Dear all, great day!

 

Please note that i'm trying to format my data number to show more than 31 days, but excel can't accept this

 

The number is format to d:h:min (days, hours and minutes) i would like to format as m:d:h:min (month, days, hour, min) is that possible?

 

Bellow show what happens when i add a day in a sequence wich is already with 31 days. 

 

Sem título 1.png

And below show how i would like to be: 

 

 

Sem título 2.png

 

Appreciate your reply.

2 Replies

@arturp97 

Months and days are always calendar-based in Excel's number formats.

Perhaps there is an alternative, but it'd be handy to see a sample workbook.

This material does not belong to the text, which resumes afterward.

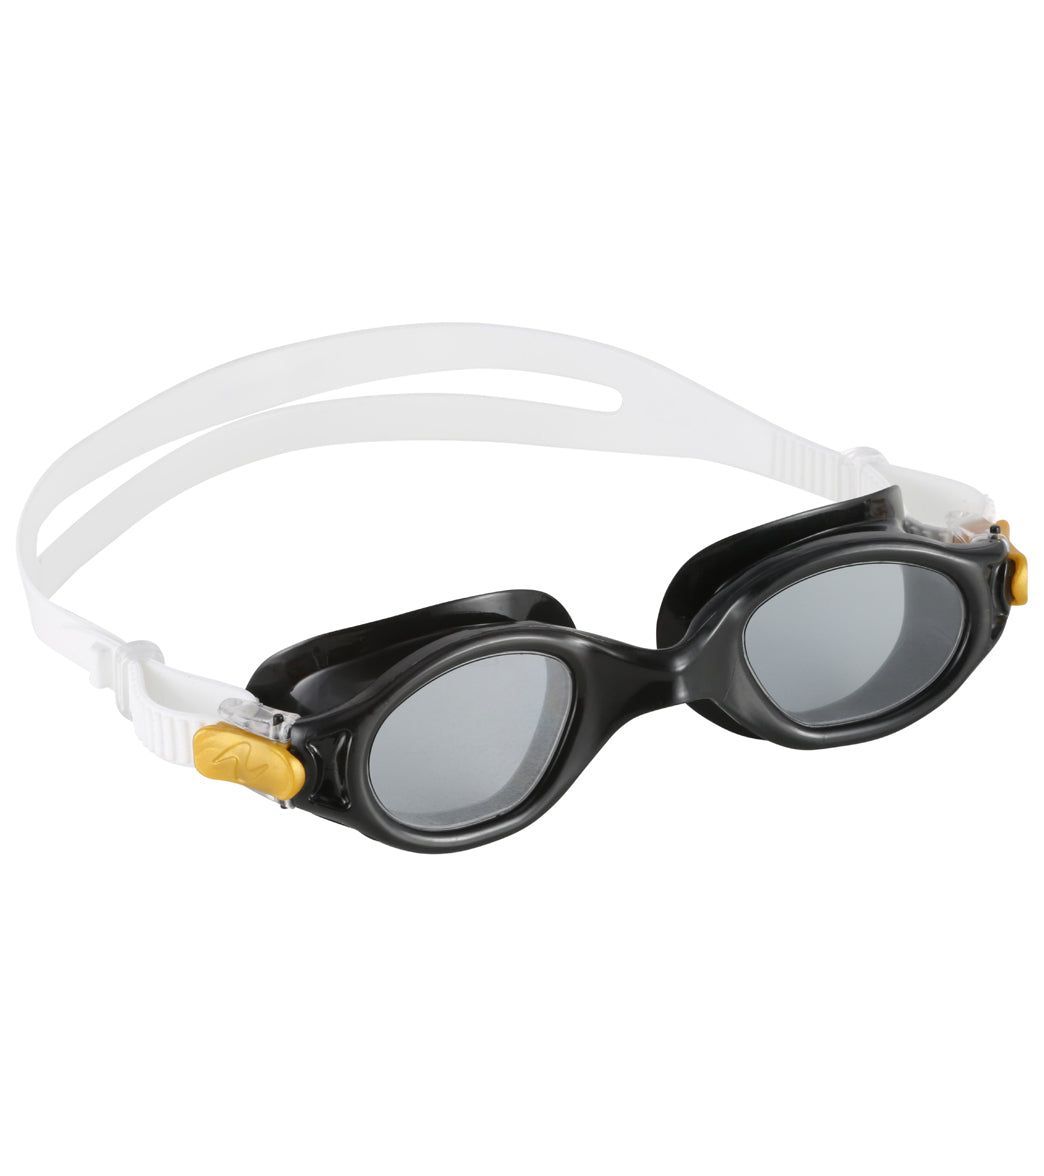 U.s. Divers Unisex Atlas Jr Goggle - Black/White - Swimoutlet.com

Could you attach one to a reply, or if that is not possible, make it available through OneDrive/Google Drive/Dropbox?

@arturp97  wrote: ``i would like to format as m:d:h:min (month, days, hour, min) is that possible?``

 

No, not with formatting alone.  You must use a formula that creates a text result --  which cannot be referenced directly in numeric expressions, if that is your intent.

 

"d" seems to work for zero to 31 days only by coincidence.  "d" formats the day of the month, not number of days.

 

Moreover, "m" (not after "h" and not in the form "[m]") formats the month of the year, not number of months.

 

Both assume that the integer part of the cell value is a date "serial number" -- the number of days since 12/31/1899 (for the default date system on Windows).

 

For a result that looks like days:hrs:mins, you would need an expression of the form:

 

INT(A1) & ":" & TEXT(A1, "hh:mm")

 

Appending a number of months is debatable, because the number of days per month varies; namely, 28, 29, 30 and 31.  One method:

 

INT(A1/30.4375) & ":" & INT(A1) - INT(A1/30.4375) & ":" & TEXT(A1, "hh:mm")

 

where 30.4375 is the average number of days per month in any 4-year period, including a leap year; that is,  (3*365 + 366)/48.